A complication alluded to earlier was that of determining when you have gone full-cycle. If the node pointed to by the root is removed while you are cycling though the list, how will you know you have gotten back to the start? The same problem occurs if a new node is added in front of the old start node. Since nodes can come and go, using their addresses to determine end-of-cycle is of no use: A new node could have the same address of a previously deleted node, for example. In our example we could use the priority value. When the next link's priority is greater than that of the current link we know we are back at the start. (Interestingly, that doesn't hold true for a list containing only the idle node but then it probably doesn't matter either.) As it exists now, the list may contain consecutive nodes with the same priority. For some applications it may be desirable for the primary list to contain only the first occurrence of each duplicate. How could this list be represented? Well, we still need our circular list; it will just contain less nodes. However, each node in that primary list would contain a forward pointer to the next node with the same priority. That is, the definition for Node might now be that in Listing 8.
Each primary node then is the head node of a list of duplicate priority nodes. And depending on your needs, these secondary lists could be singly- or doubly-linked, and circular.
Consider the case where the root pointer points to the dummy node instead of to the node with highest priority. Since the dummy node always exists and in the same location and it always points forward to the first node in the list, it may be possible to do away with updating the root pointer all together.

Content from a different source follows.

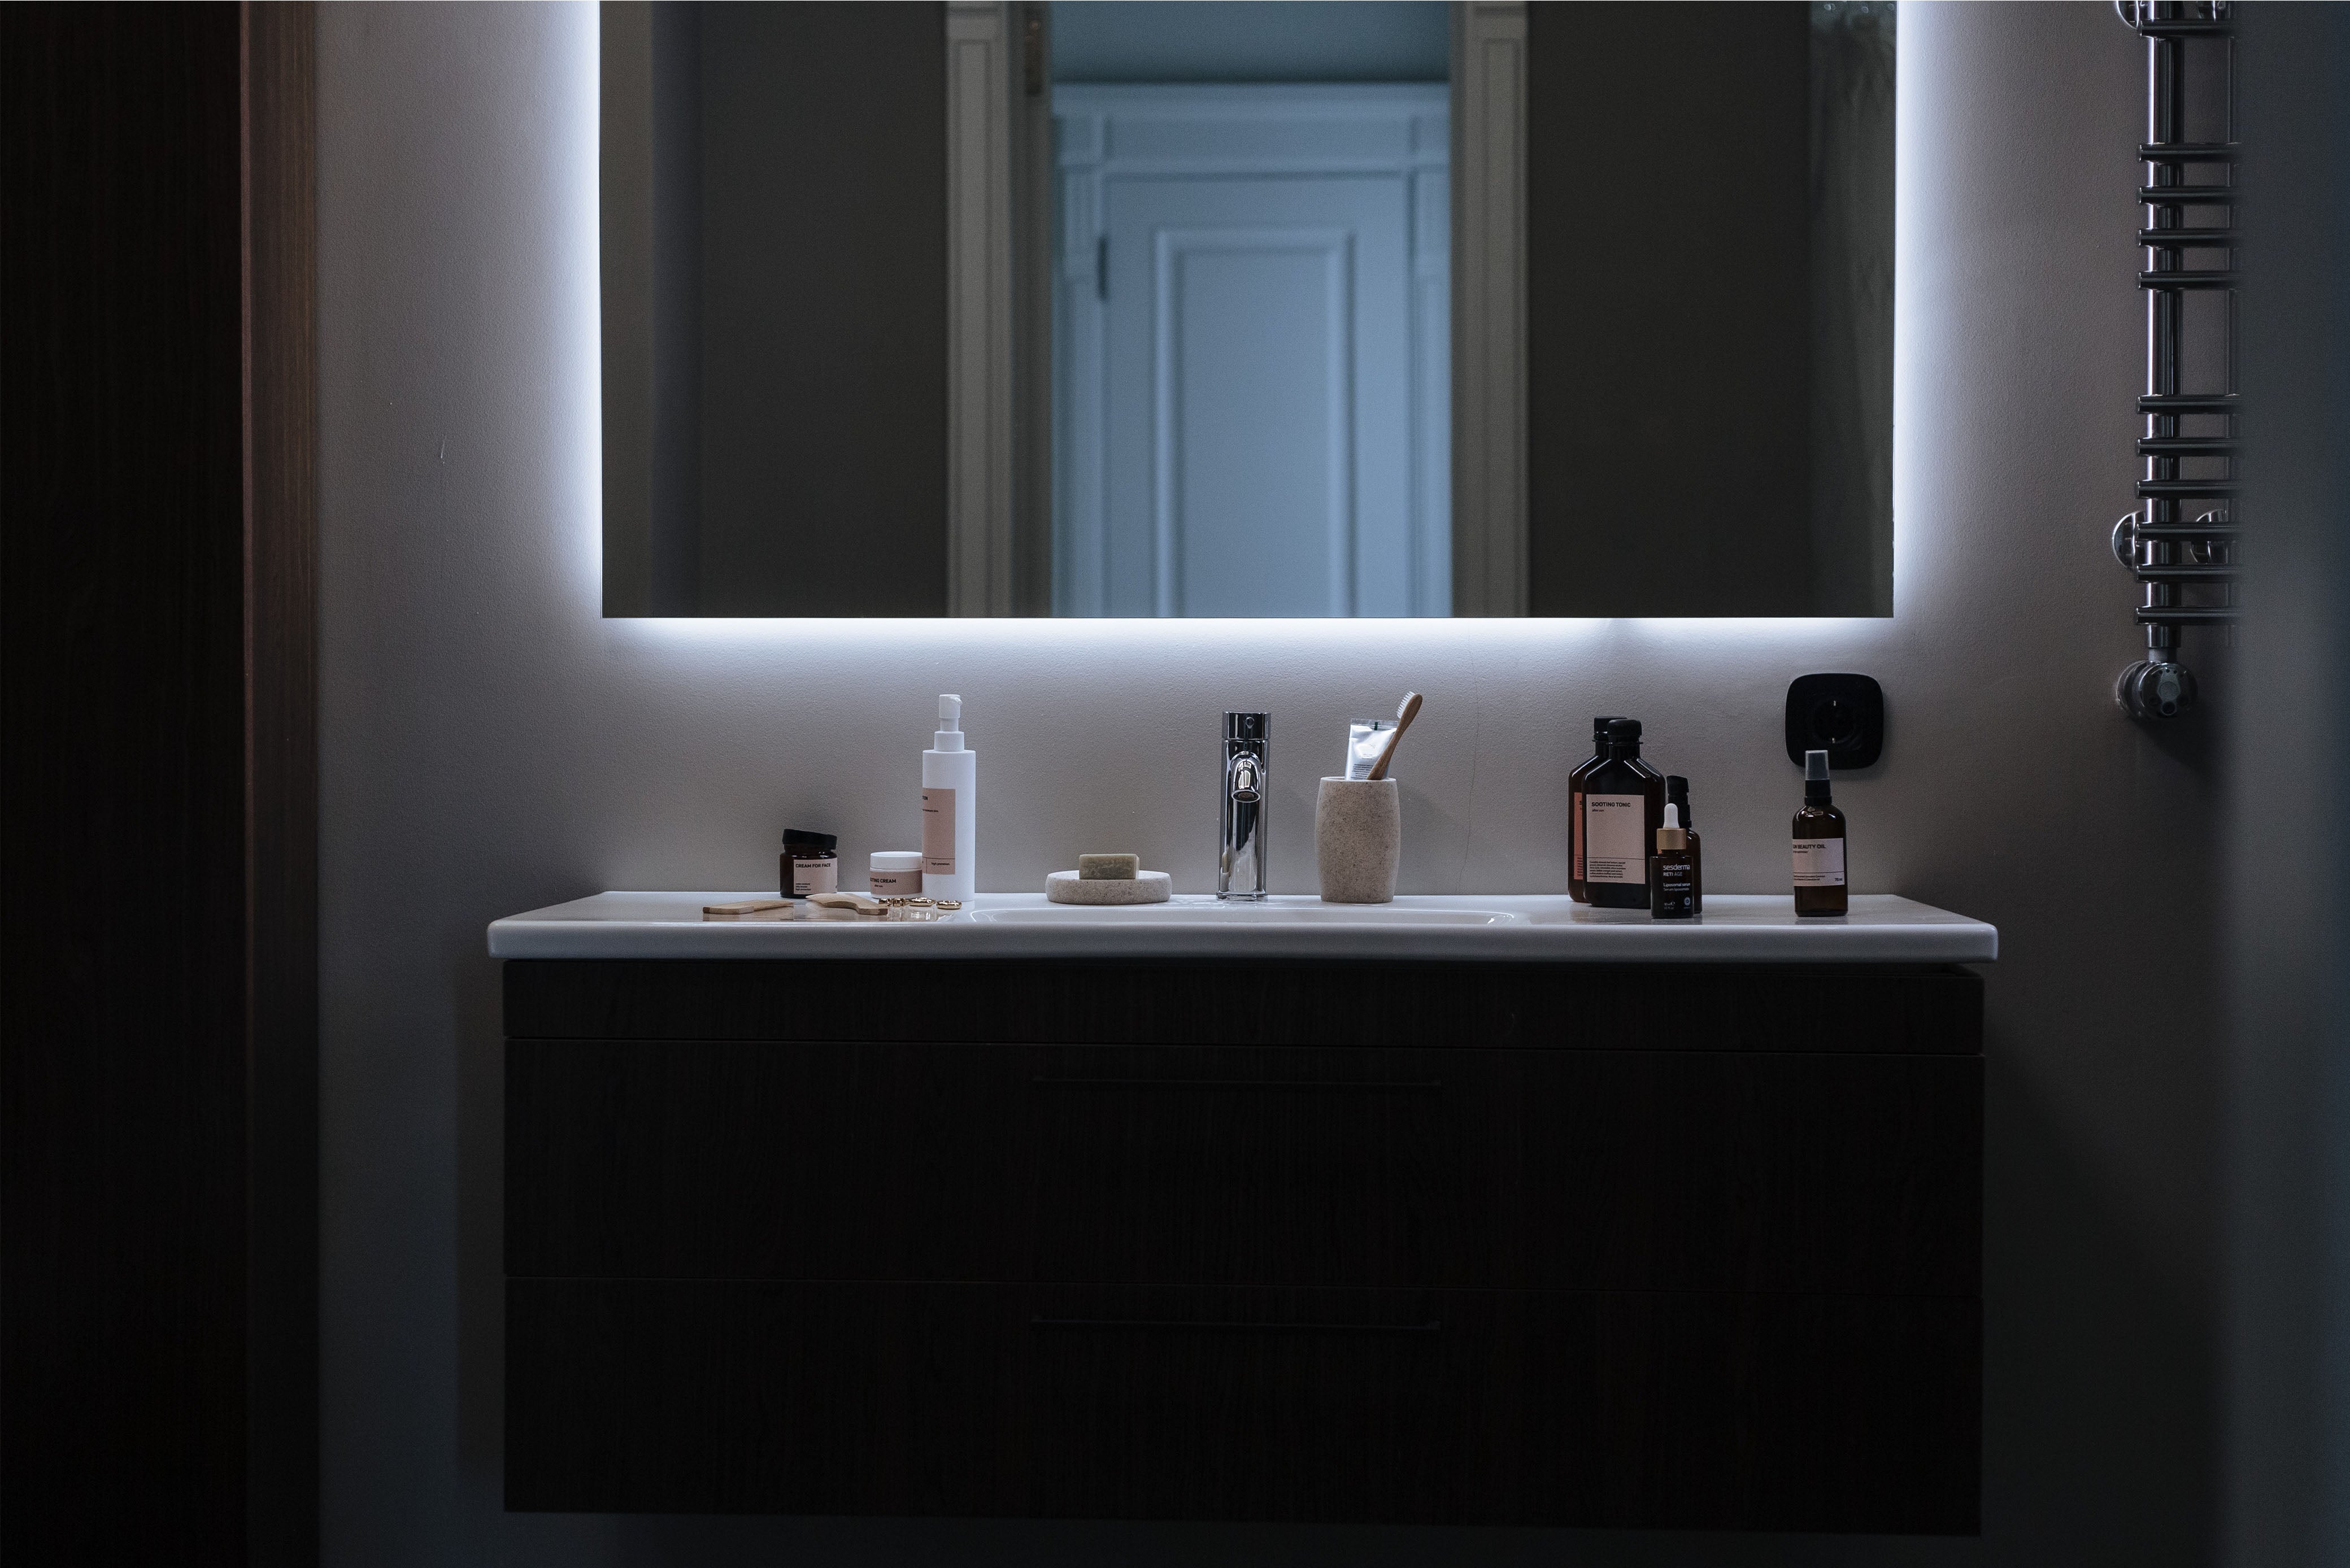 How To Choose An LED Mirror?

No doubt you can think of other ways to extend these examples. Note too that once you get into asynchronous operations you may need to start using the volatile keyword to disable optimization of certain object accesses. Changes made asynchronously should typically be reflected elsewhere in the program immediately. You might also need to think about using semaphores to block the cases where you try to remove a node that is currently being processed.